Thirteen distinct telescopes that look like spaceships were poised on Mauna Kea’s snow-covered peak. The largest singular sheet of mirror in the world was there, as was the largest solely devoted infrared telescope and NASA’s telescope once in touch with the Voyager. In the presence of this resplendence and wonder, I thought about the glory and splendor of practice.
Just as the massive telescopes with their immense power open gradually and incrementally as the sun sets and the dark presents itself, practice works the same way: the greater the opening, the greater the space, the more we can see “in the dark.”

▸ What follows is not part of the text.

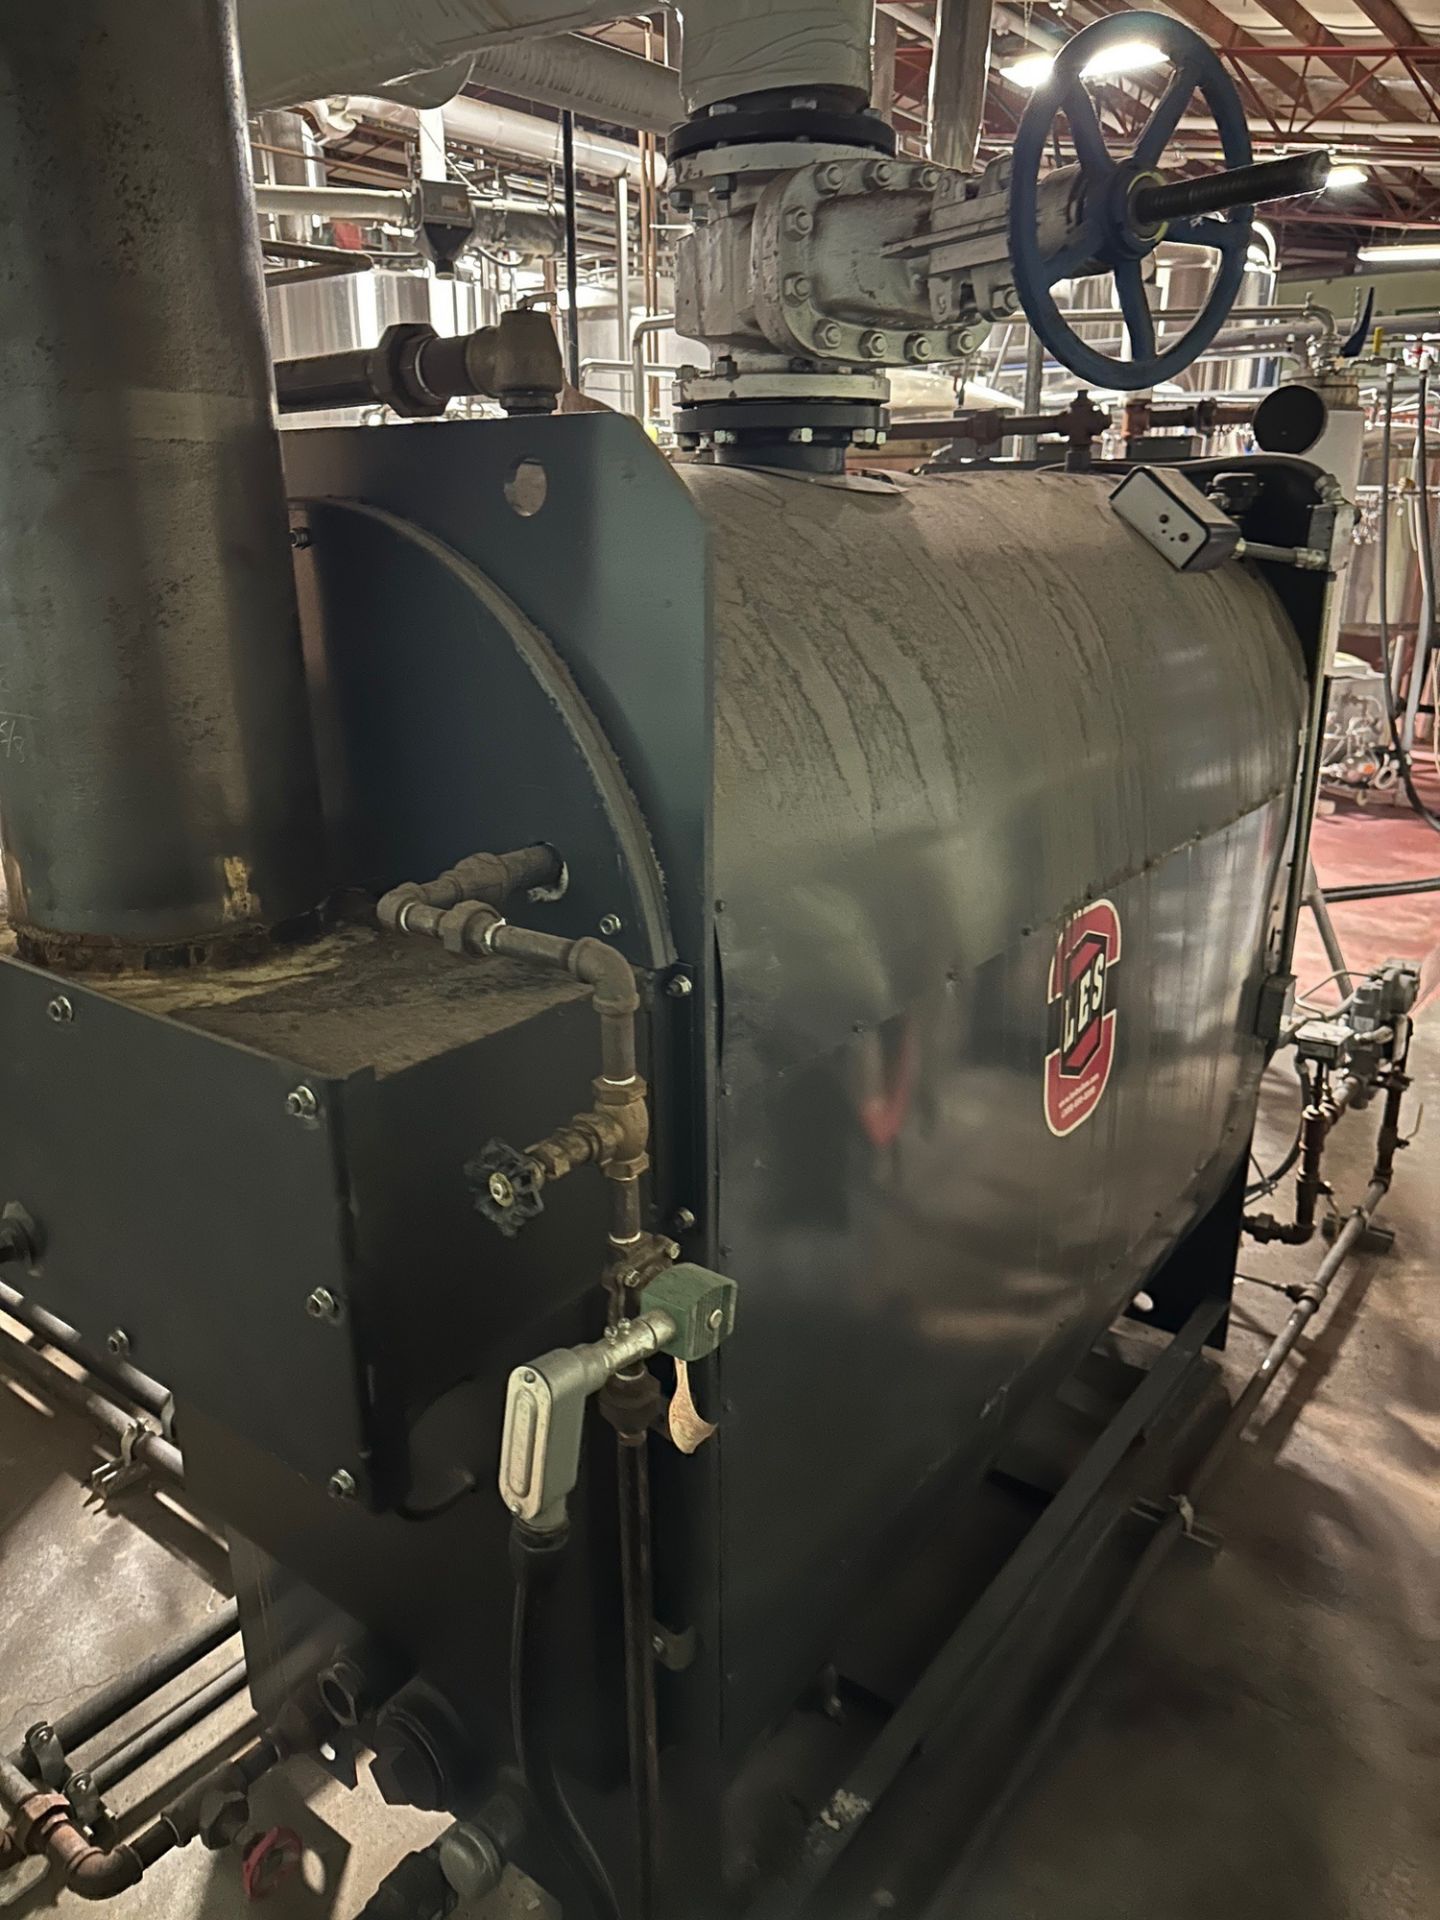 LES Low Pressure Steam Boiler with Water Treatment System | Rig Fee $1500 - Image 3 of 10

In practice, as we explore the darkness, we also connect to the mysteries of life. There is so much more to being a human being than we realize. When we penetrate inwardly, we make a connection to the divine. We meet our true selves.
We develop our rhythms and skills by **repetition**. Once engaged, just about anything that we practice with focused attention increases our intelligence and sensitivity.
Start small. An hour of swimming or writing or yoga or piano practice, verb conjugation, meditation is a crash diet. A small “stone” is ten minutes twice a week; you won’t crash or have a backache (frustration), but you will have a practice. Each stone you lay becomes part of the path.
Ultimately, what I learn from practice is that it does not make perfect and that I cannot control anything except what I put in my mouth, literally and figuratively. Yet practice gets inside like the most delicious food. Practice itself is delicious.